My buddy is looking to part away with his velociraptor 300gb hard drive. I was either thinking about picking that up or buying a 1tb hard drive. I was just wondering if the performance difference ie game load times and install times would be worth it over picking up a 1tb hard drive. I have a 500gb right now.


----------



## Soylent Joe (Oct 6, 2009)

What kind of 1TB drive would you get? The WD Caviar Black and Samsung F3 1TB HDD's are most likely going to be the fastest. How much would the Raptor cost?


----------



## Lazzer408 (Oct 6, 2009)

The RE series WDs are as fast as velociraptors/raptors. The only velociraptor I see in this thread... http://forums.techpowerup.com/showthread.php?t=68546  ...pulles off 98.6mb/s.
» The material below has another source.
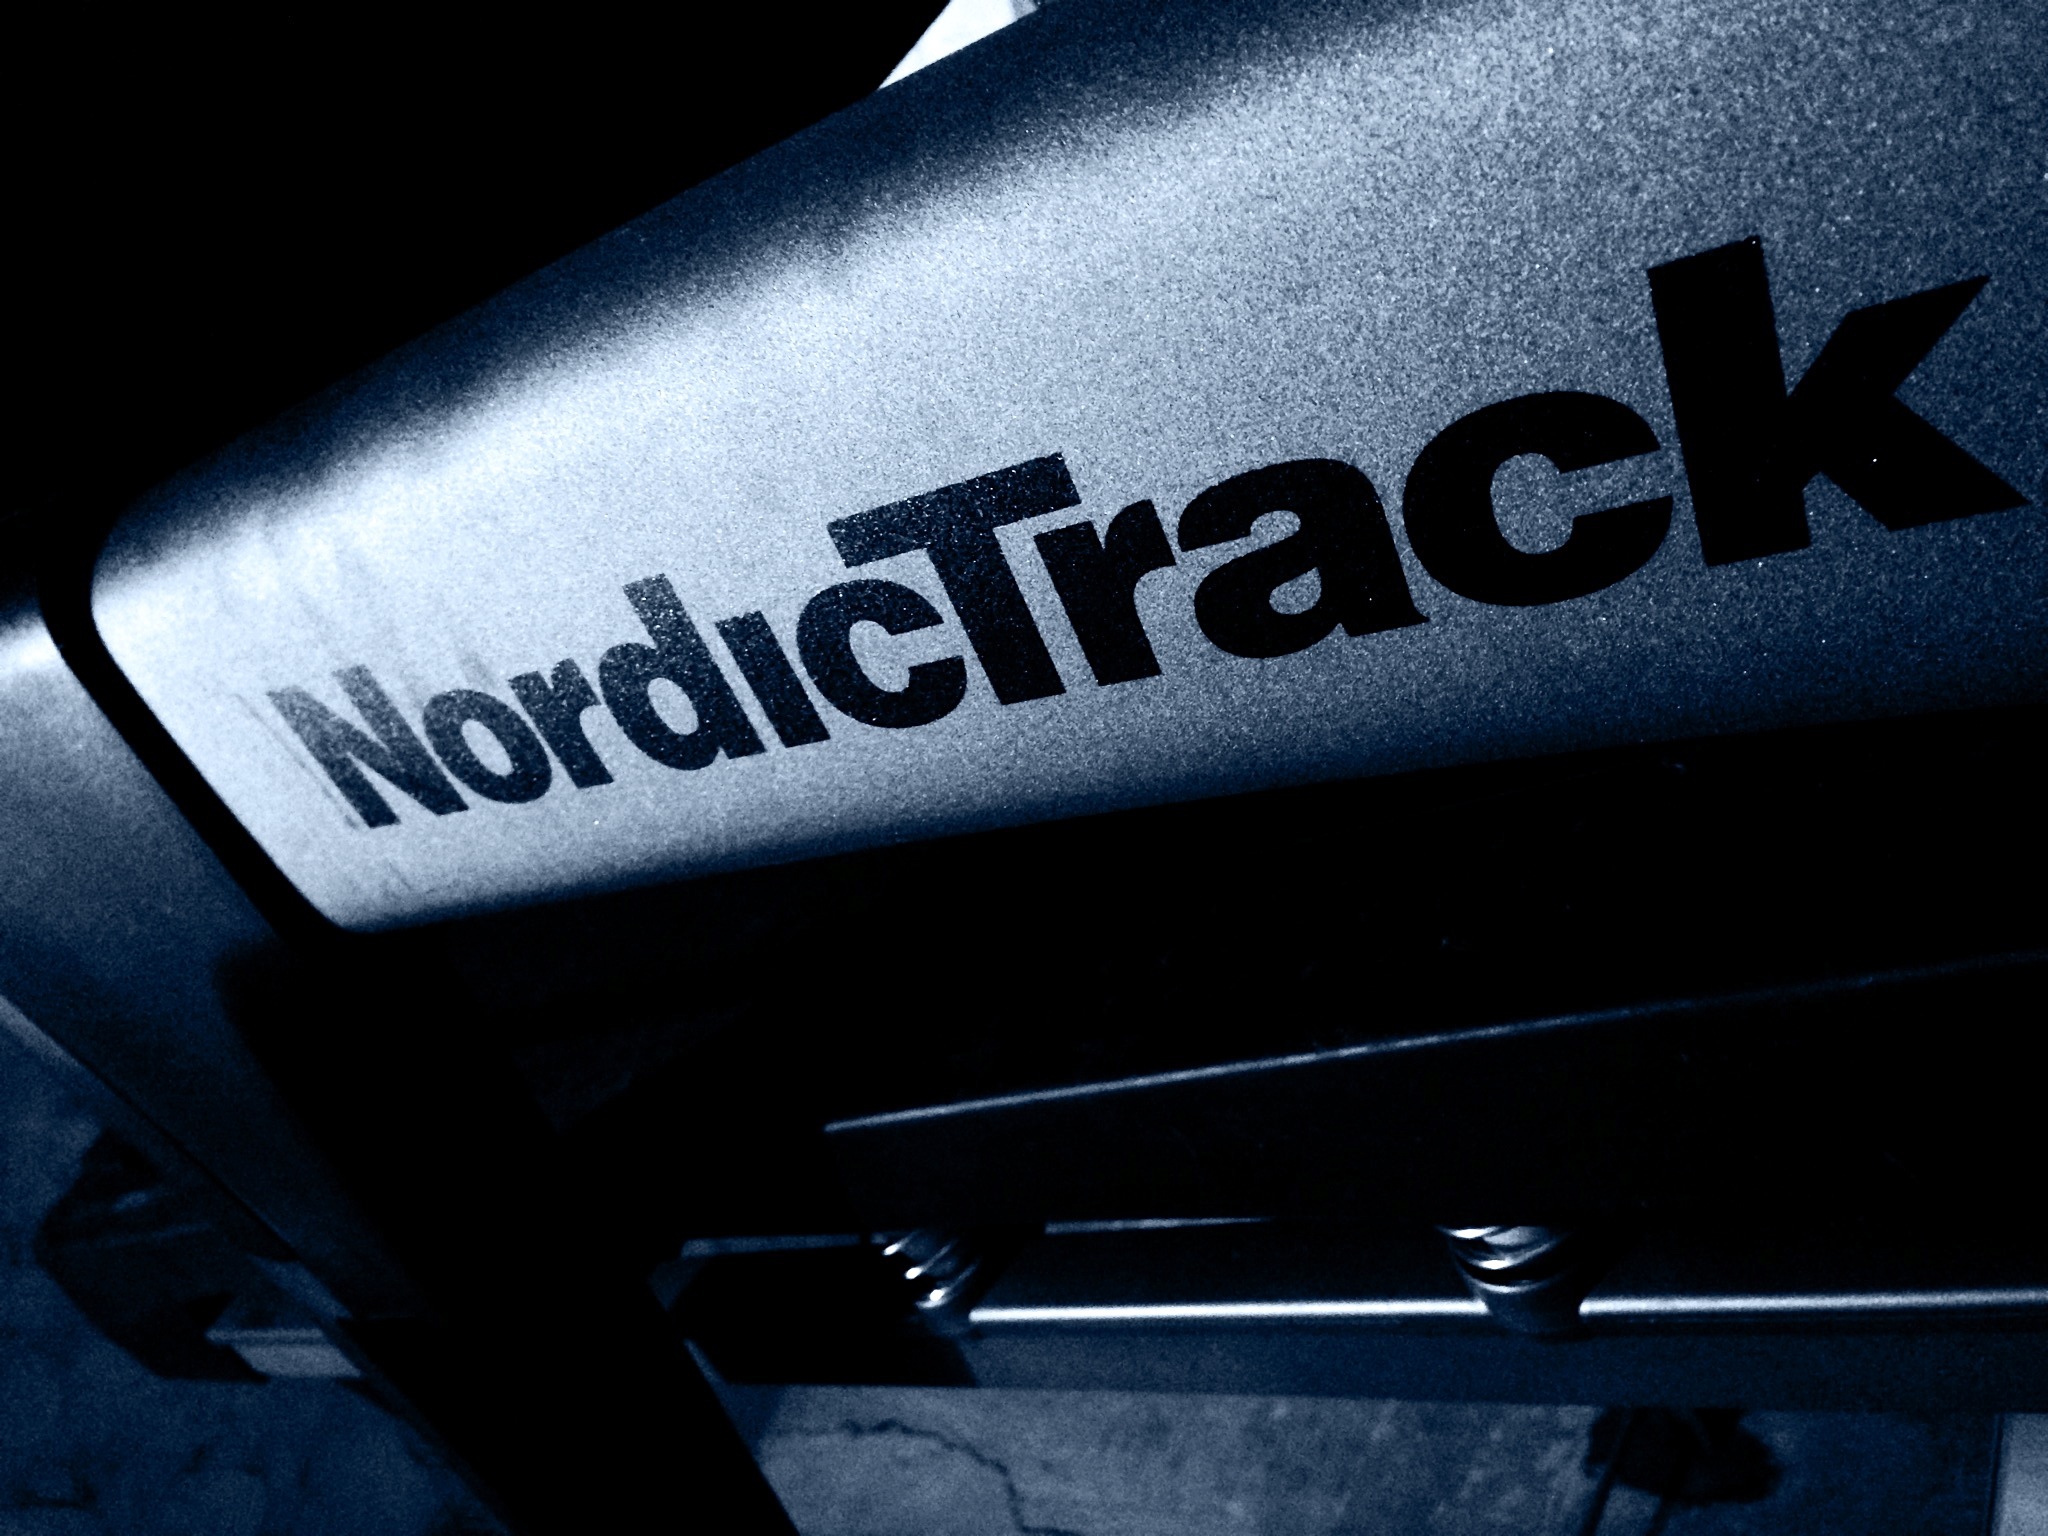 Le tapis des 6 jours sera un Nordictrack ou ne sera pas.
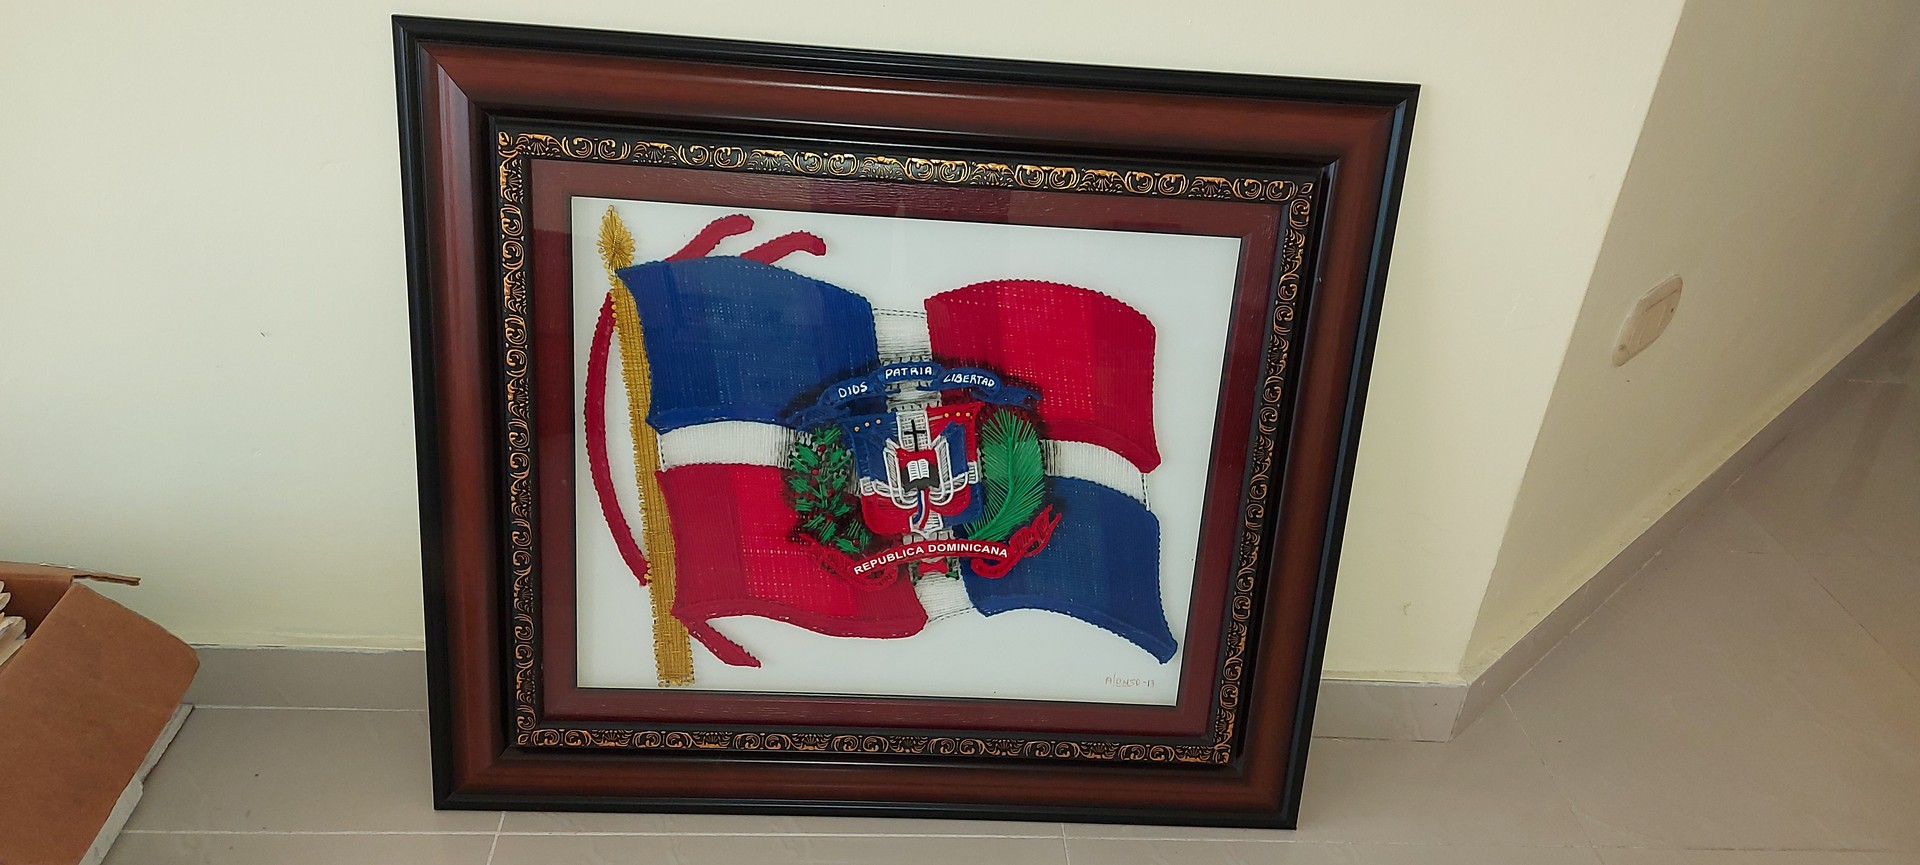 arte y antigüedades - Cuadro en hilo bandera y escudo republica dominicana

When I ran a single RE3 I get 120mb/s and in RAID-0 (software) I get 179mb/s. Just so you know, WD drives are not RAID compatable unless they are RE series.

2x WDC 750gb WD7502ABYS (RE-3) RAID-0
179.3mb/s


----------



## Anath (Oct 6, 2009)

thanks guys. I could just go raid with two cheaper hdds and get better performance.


----------



## CStylen (Oct 6, 2009)

Lazzer408 said:


> The RE series WDs are as fast as velociraptors/raptors. The only velociraptor I see in this thread... http://forums.techpowerup.com/showthread.php?t=68546  ...pulles off 98.6mb/s. When I ran a single RE3 I get 120mb/s and in RAID-0 (software) I get 179mb/s. Just so you know, WD drives are not RAID compatable unless they are RE series.
> 
> 2x WDC 750gb WD7502ABYS (RE-3) RAID-0
> 179.3/s



Oh?





2 X 300 gb velociraptors RAID 0 / Average drops to 192 when full 600 gb is used


----------



## Lazzer408 (Oct 6, 2009)

I was compairing a _single _velociraptor to a _single _RE

I'm not about to go through the entire thread to find what you posted. I just looked in the list and Grasshopper was the first velociraptor score I saw.



600gb@192mb/s = $459.98+ship (Newegg)

1.5tb@179.3mb/s = $259.98+ship (Newegg)

900gb less space and $200 more for 12.7mb/s faster transfers? I don't think so Tim.


----------